When I was in college Oprah Winfrey was doing a lot of television episodes about gratitude. I remember learning about the concept of a gratitude journal and the challenge to write down five things each and every day that you are grateful for. I wasn’t the happiest of people during these years, and this journal seemed to be just what I needed. I bought a notebook-it had a small, sturdy cover with a black and white image of the Brooklyn Bridge- and took the challenge. The hardest part was the daily commitment- harder than finding things to be grateful for.
I’ve been teaching and coaching and consulting since 2000. Recently at my school we were asked to find a quote, or two, that speaks to us. We were going to engage in materials work.

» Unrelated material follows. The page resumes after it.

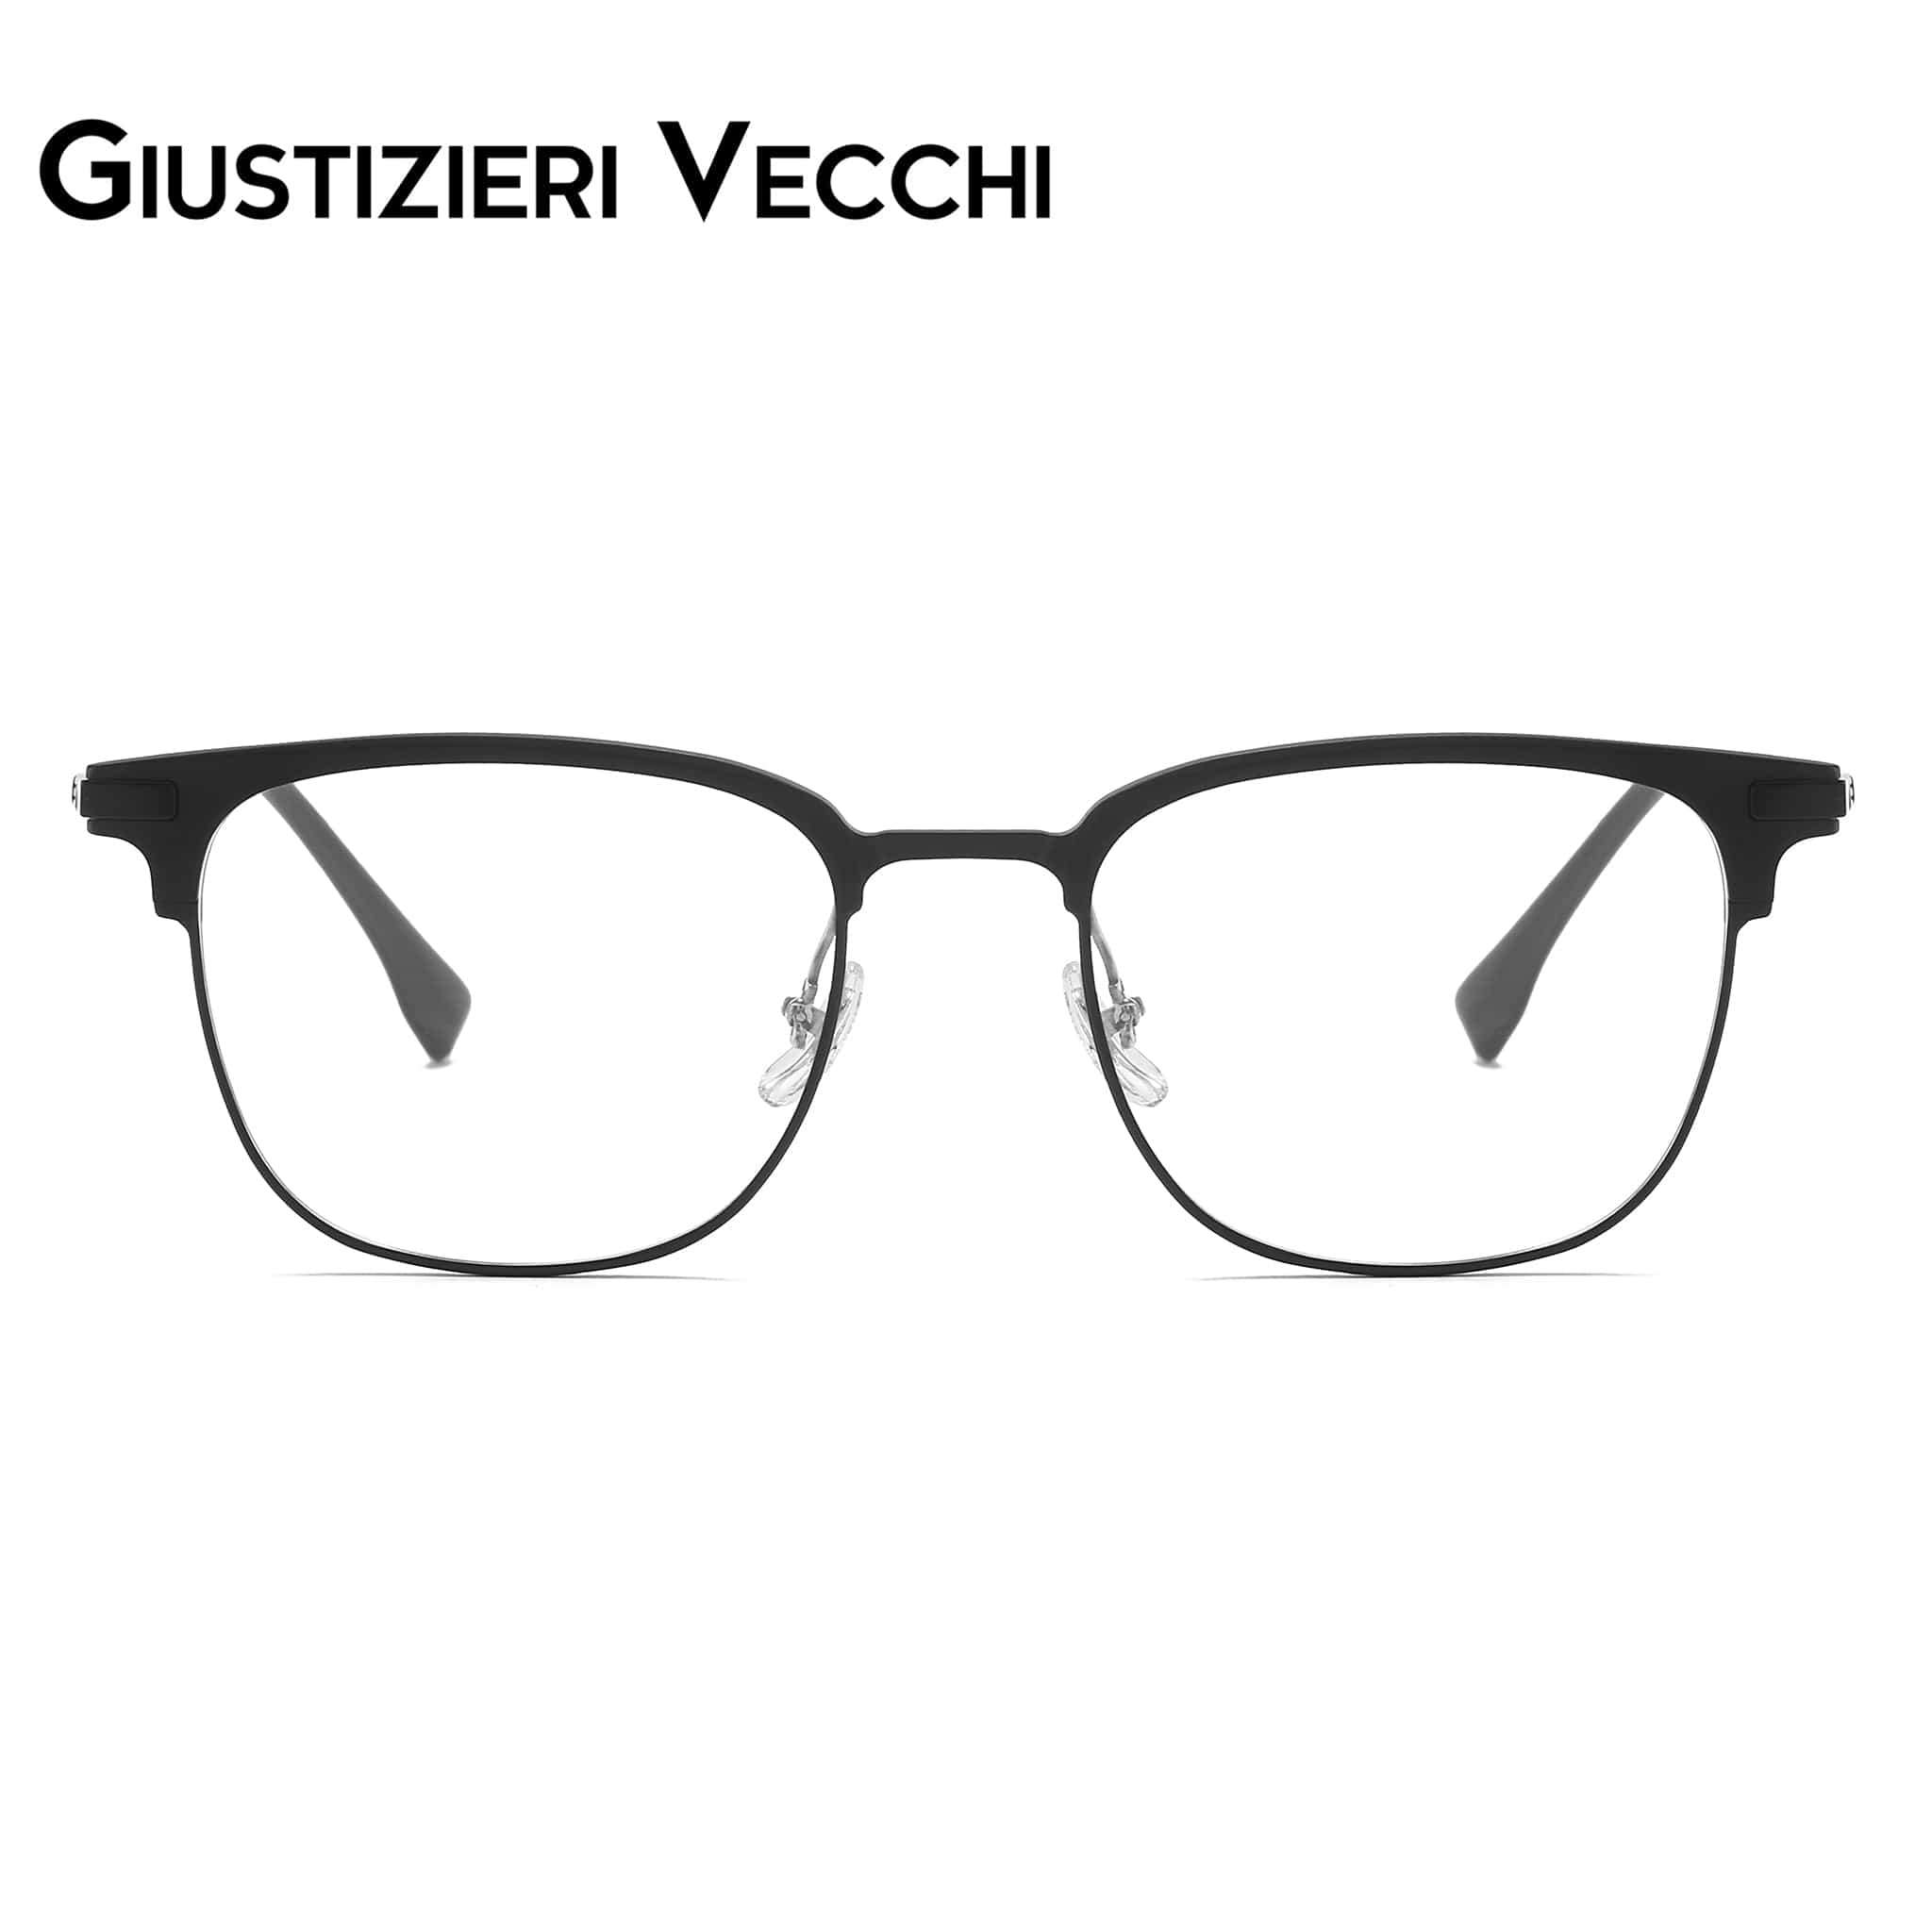 GIUSTIZIERI VECCHI Eyeglasses Small / Black FireRush Uno

As a school committed to doing the work we ask of children, we spend a few Fridays each year working side by side as adults engaged with our hands and the making of things. I came across a quote from Melody Beattie: “Gratitude unlocks the fullness of life. It turns what we have into enough, and more. It turns denial into acceptance, chaos into order, confusion to clarity.” With this quote I created my first liquid watercolor painting. I was so very grateful for the quote, for the chance to work with my hands, for the opportunity to do the work that children do at our school.
And yet. In my professional and personal life I’ve spent much of the last year not focusing on gratitude and instead channeling perspective. As a mom to a (frequently sick) toddler, a literacy coach, and consultant it’s not always helpful to enter the living room or classroom and encourage my daughter or teachers to be grateful. Sometimes what a teacher needs is a reminder about perspective. In this high stakes, high stress environment that teachers are living through, it can feel impossible to remember that each year they are growing.
When I was a new classroom teacher my own staff developer shared, ‘it takes one year to learn how to be a workshop teacher. It takes five years to become skilled.’ When I look at the teachers I’m supporting in the Bronx or Albany or elsewhere I work hard to remember this. The teaching of reading is so deeply complex, no one, myself especially, can figure it out in a year. It takes time. And holding that perspective, alongside the gratitude we have for this marvelous and exhausting profession, is a recipe for joy. And I’m pretty sure each classroom I’ve been in these past few years can benefit from a little more joy.